Images are to be excluded, and the rest of the data repeated exactly.

## STORED DATA

★ ★ ★ ★

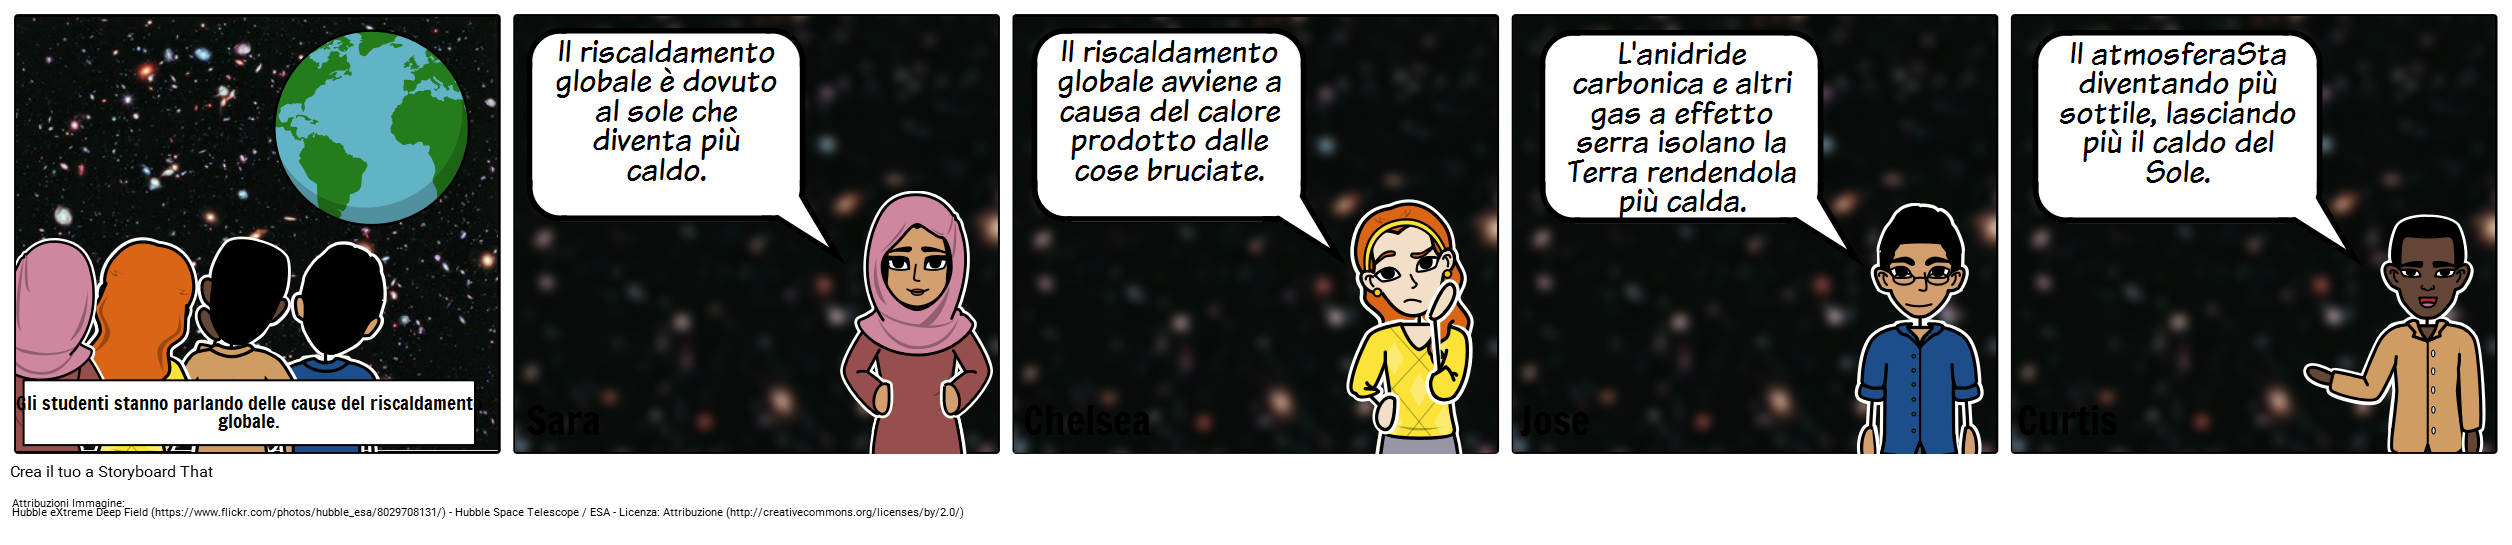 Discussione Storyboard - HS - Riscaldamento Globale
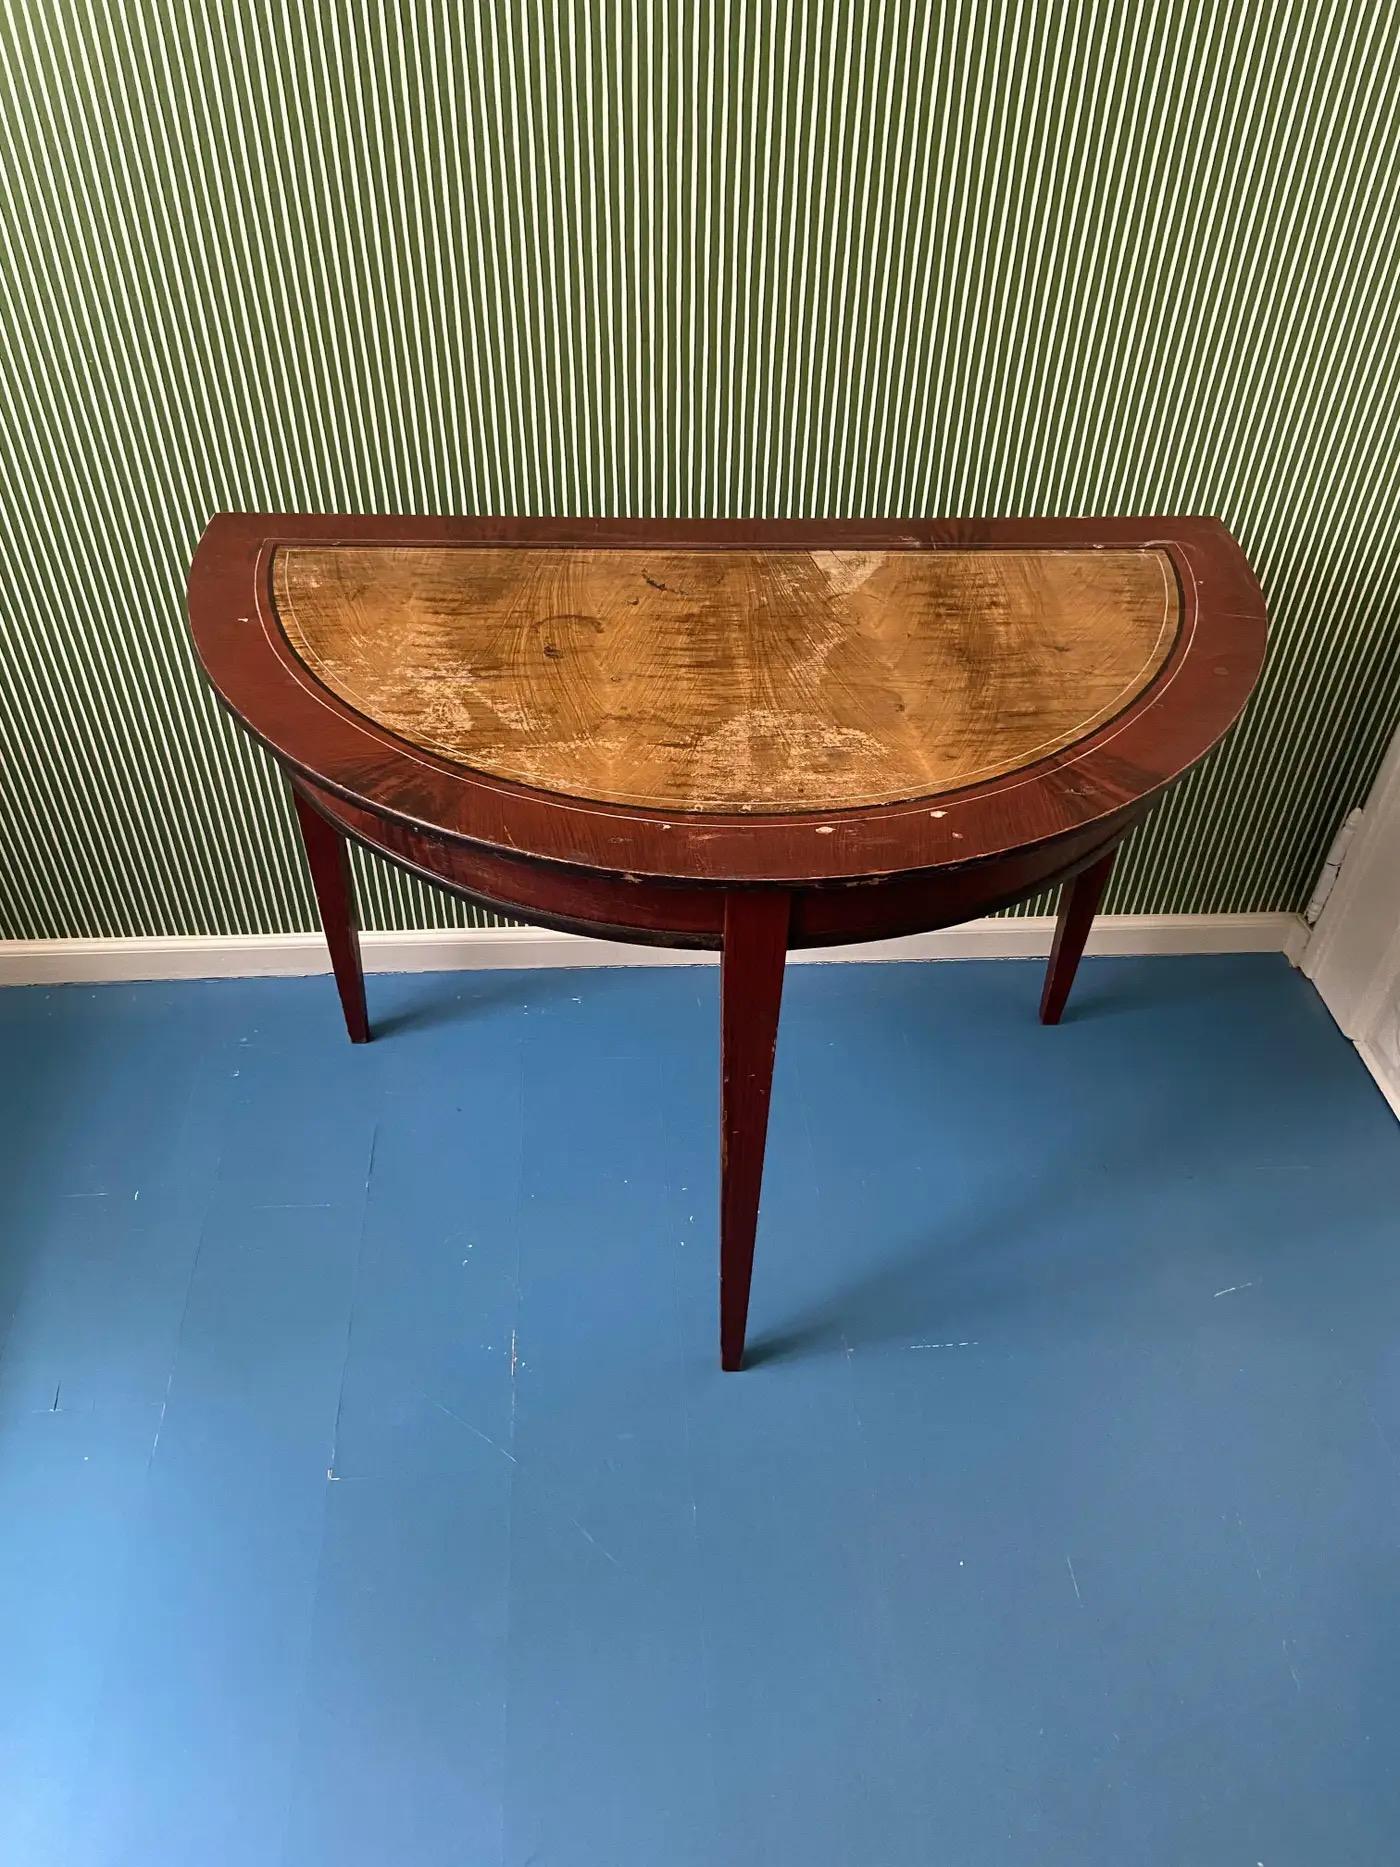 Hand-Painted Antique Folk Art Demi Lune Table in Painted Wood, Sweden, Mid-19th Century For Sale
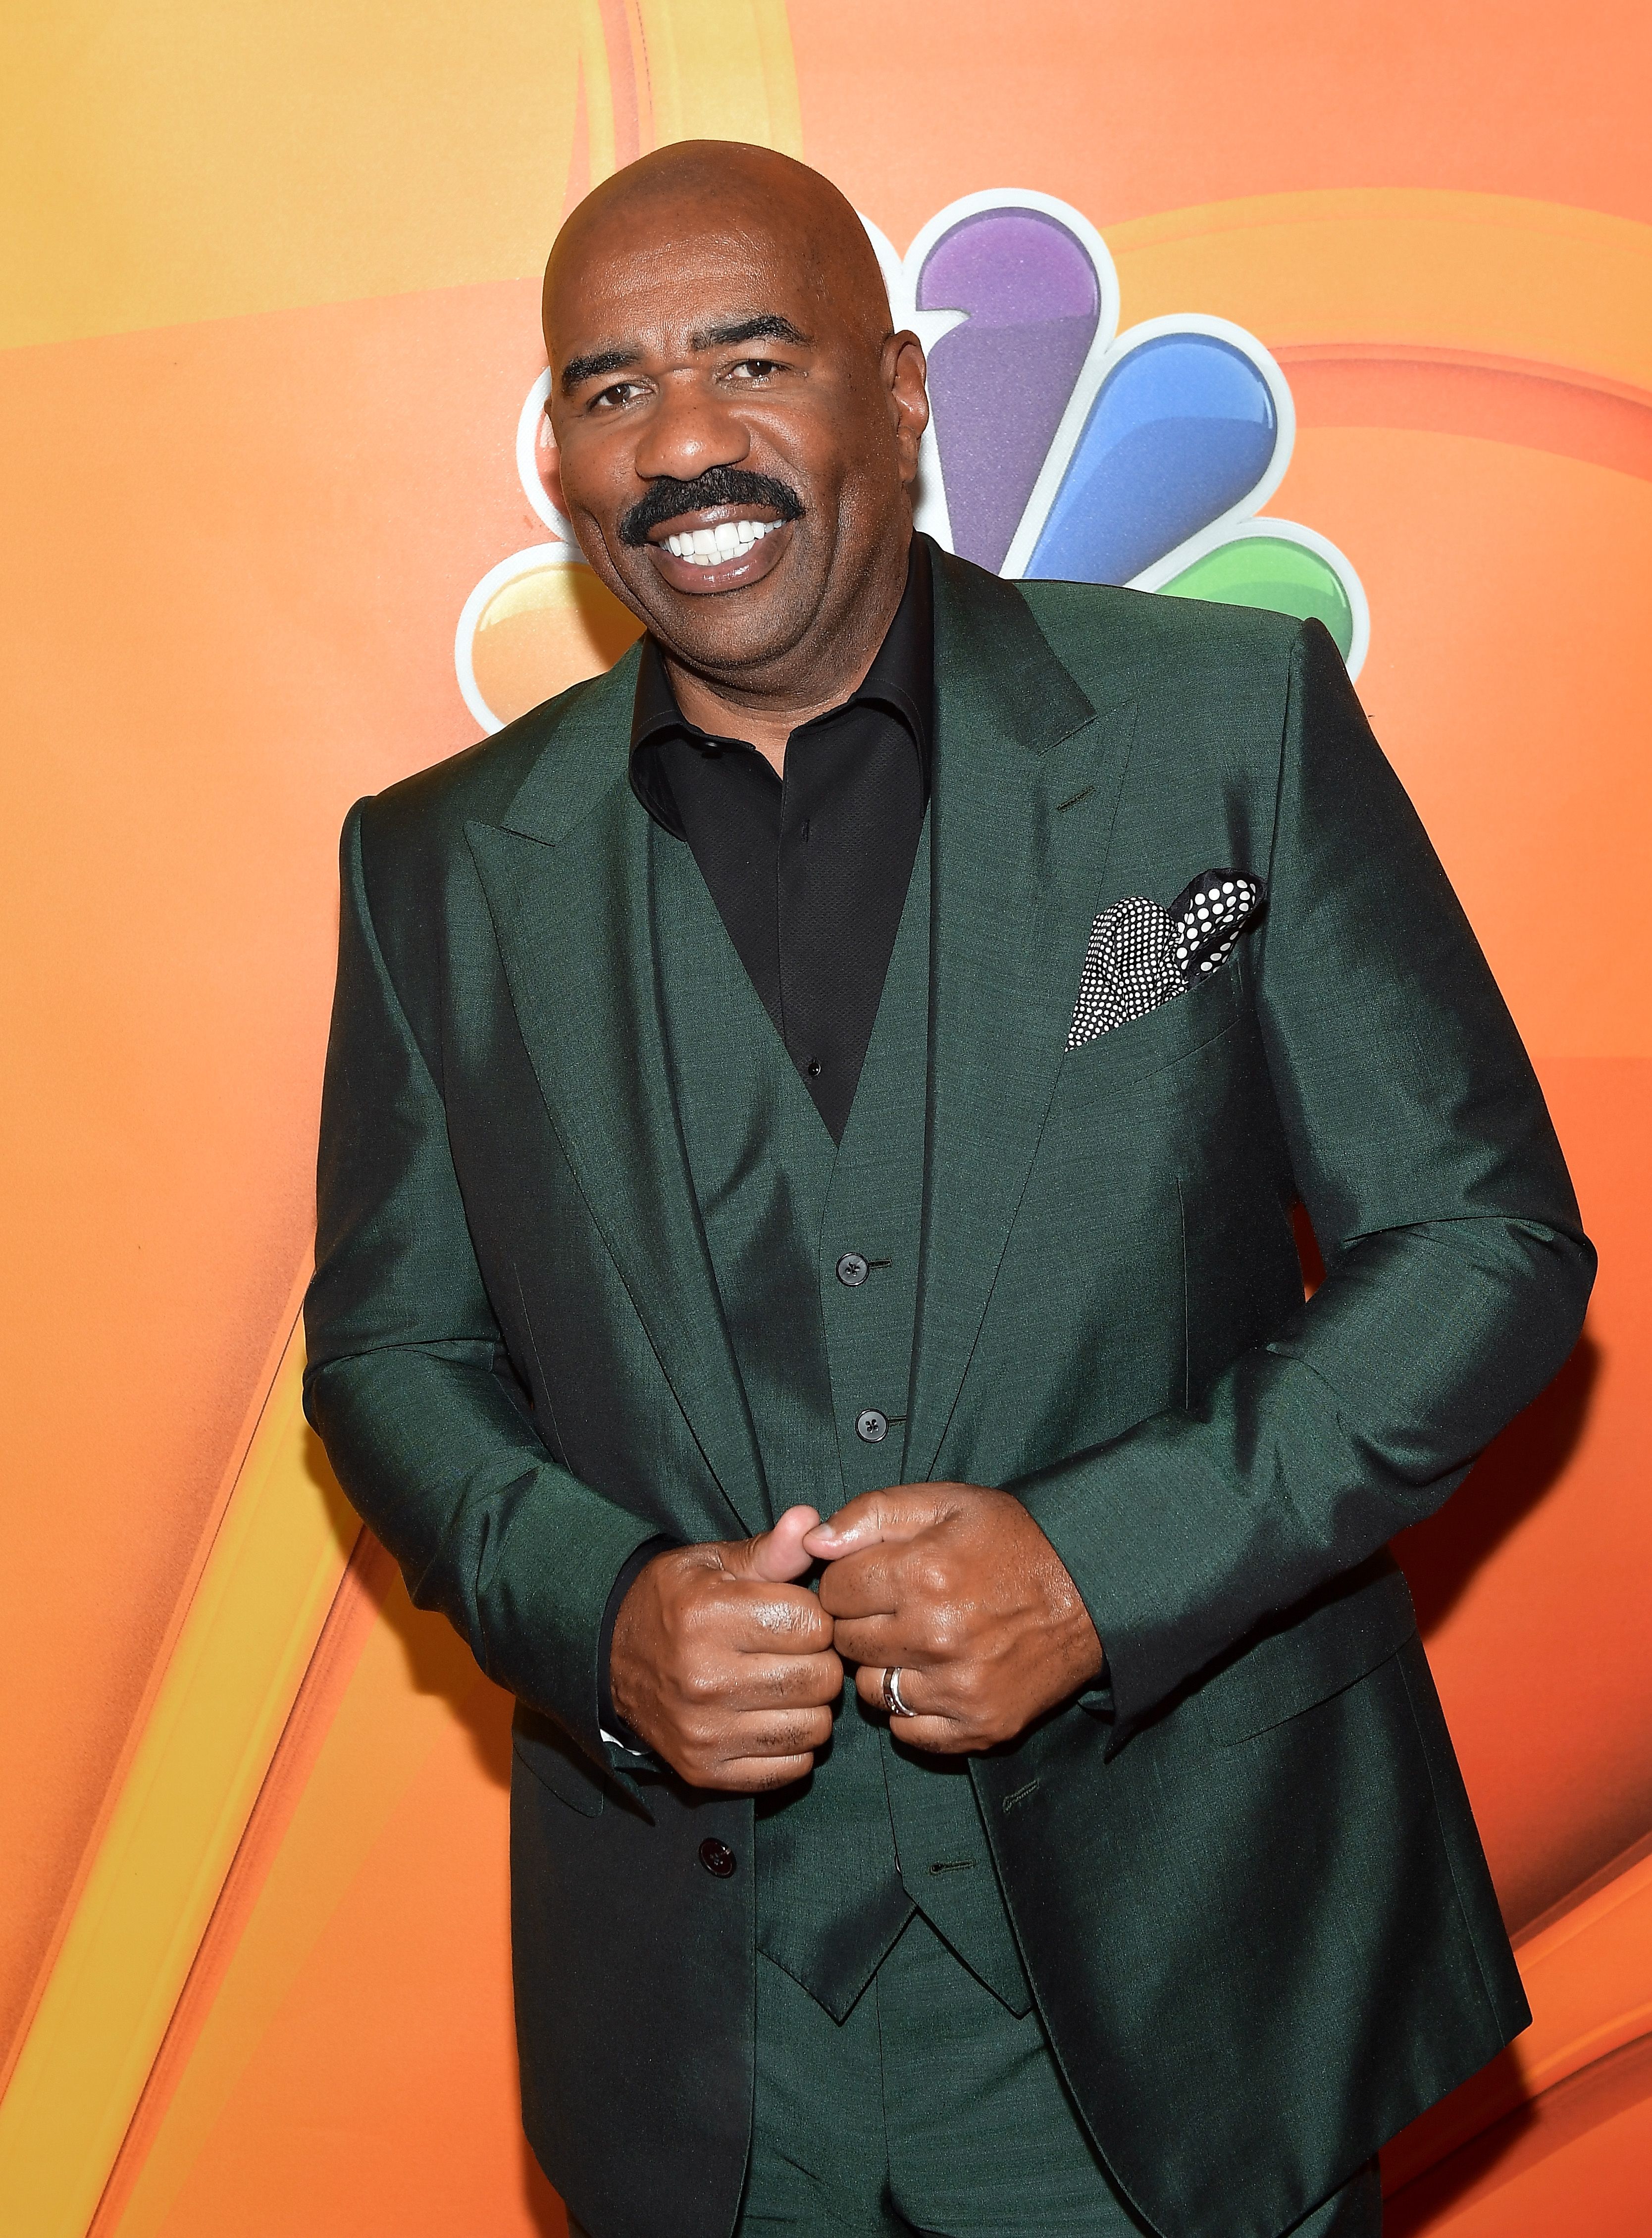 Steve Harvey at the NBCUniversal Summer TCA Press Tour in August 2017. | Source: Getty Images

★ ★ ★ ★

## YOUR RESPONSE
 Discussione Storyboard - HS - Riscaldamento Globale
 Hand-Painted Antique Folk Art Demi Lune Table in Painted Wood, Sweden, Mid-19th Century For Sale
 Steve Harvey at the NBCUniversal Summer TCA Press Tour in August 2017. | Source: Getty Images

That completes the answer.